WORK INSTRUCTION:
Set down exact lines only, from the line with "Accentor 3 Waterproof" through the last line of the material below, with every picture left out.

DATASET EXTRACT:
<<<<

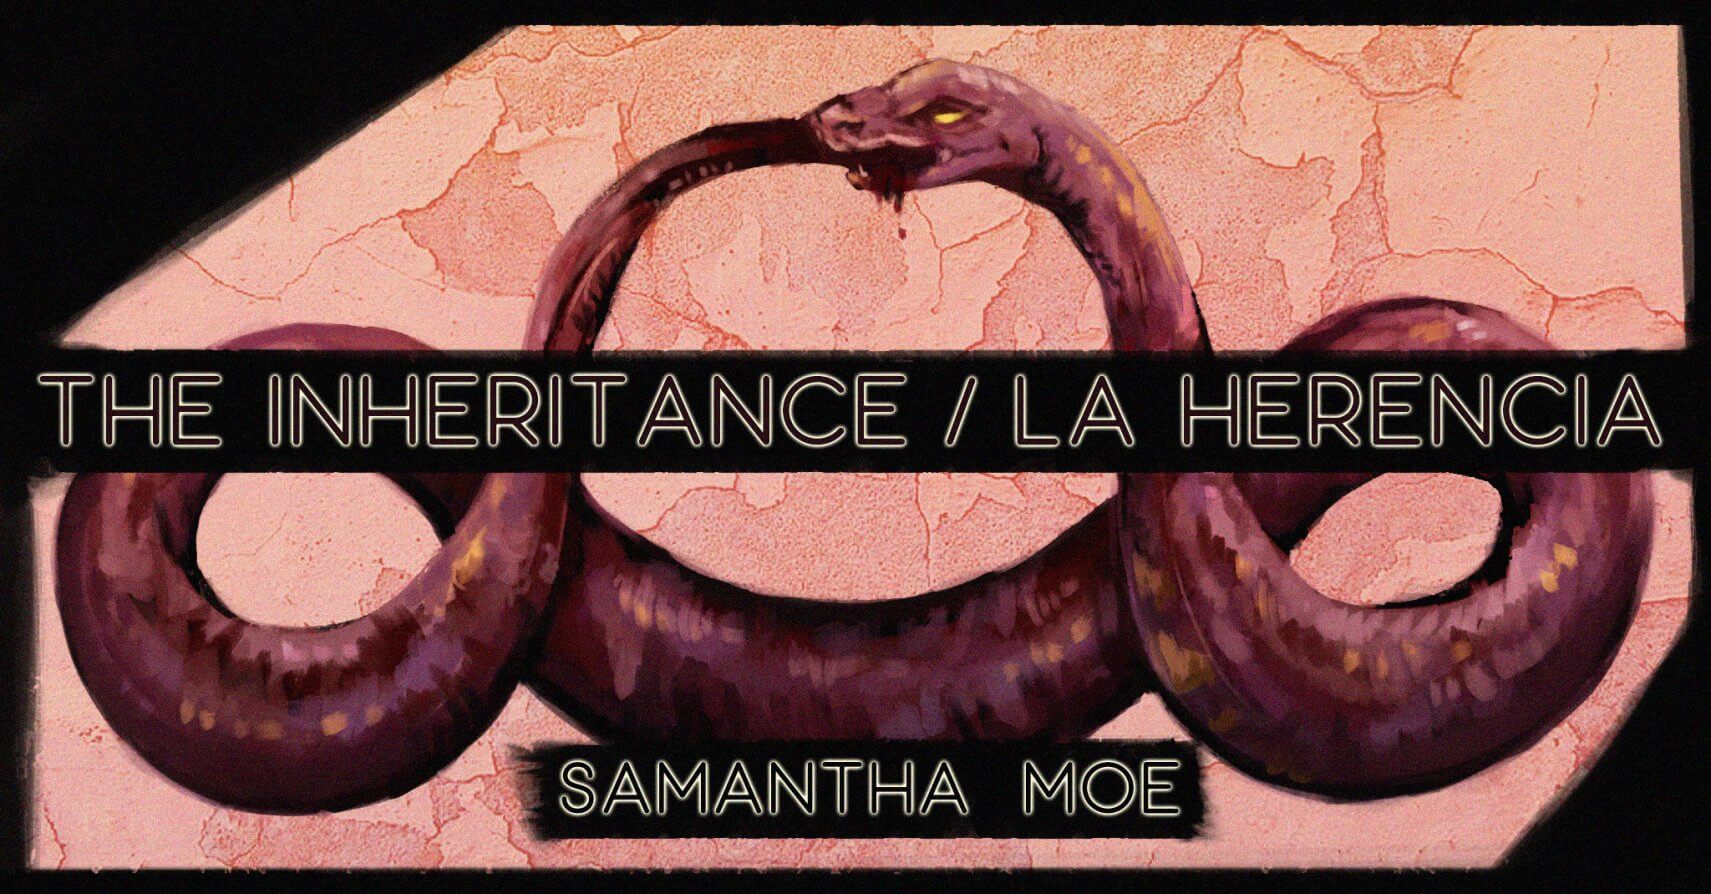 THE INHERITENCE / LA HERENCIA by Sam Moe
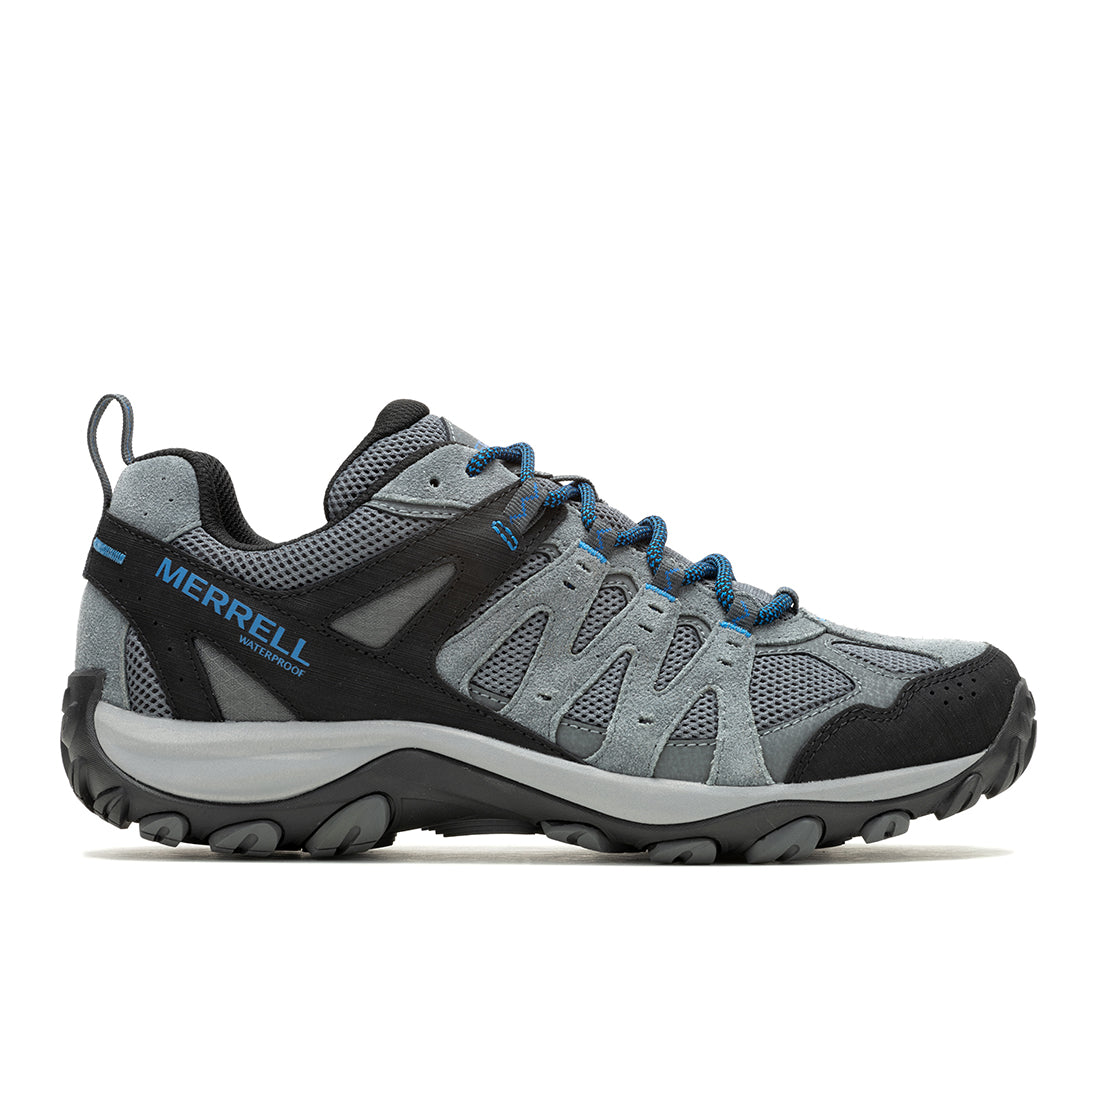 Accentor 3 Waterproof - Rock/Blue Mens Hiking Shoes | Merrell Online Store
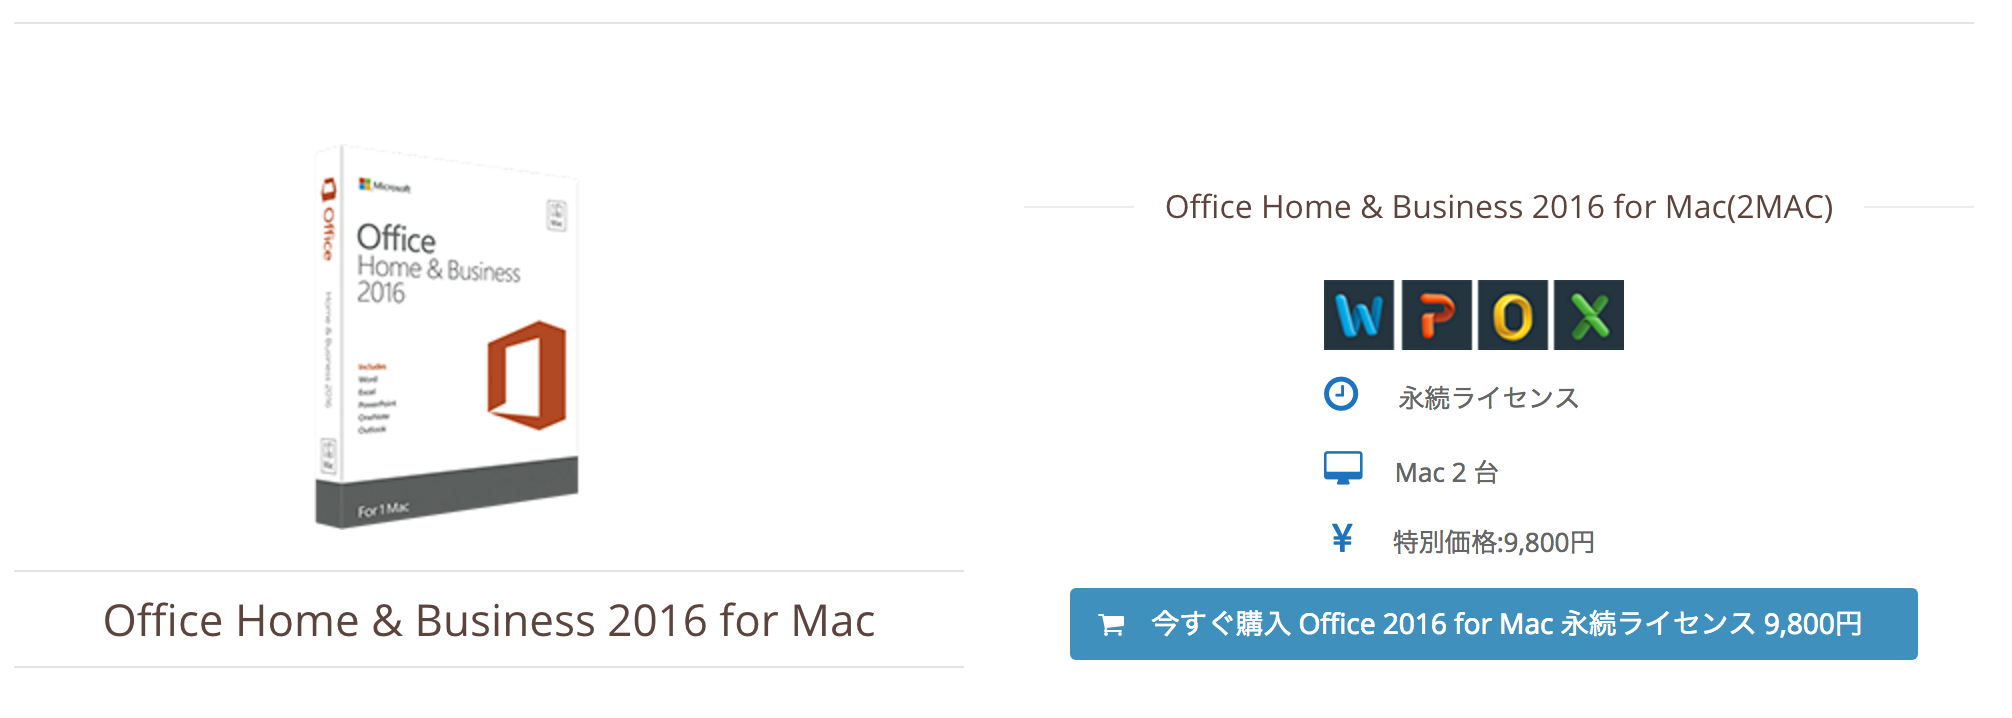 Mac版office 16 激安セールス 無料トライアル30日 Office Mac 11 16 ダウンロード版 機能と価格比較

>>>>

REPLY:
 Accentor 3 Waterproof - Rock/Blue Mens Hiking Shoes | Merrell Online Store
 Mac版office 16 激安セールス 無料トライアル30日 Office Mac 11 16 ダウンロード版 機能と価格比較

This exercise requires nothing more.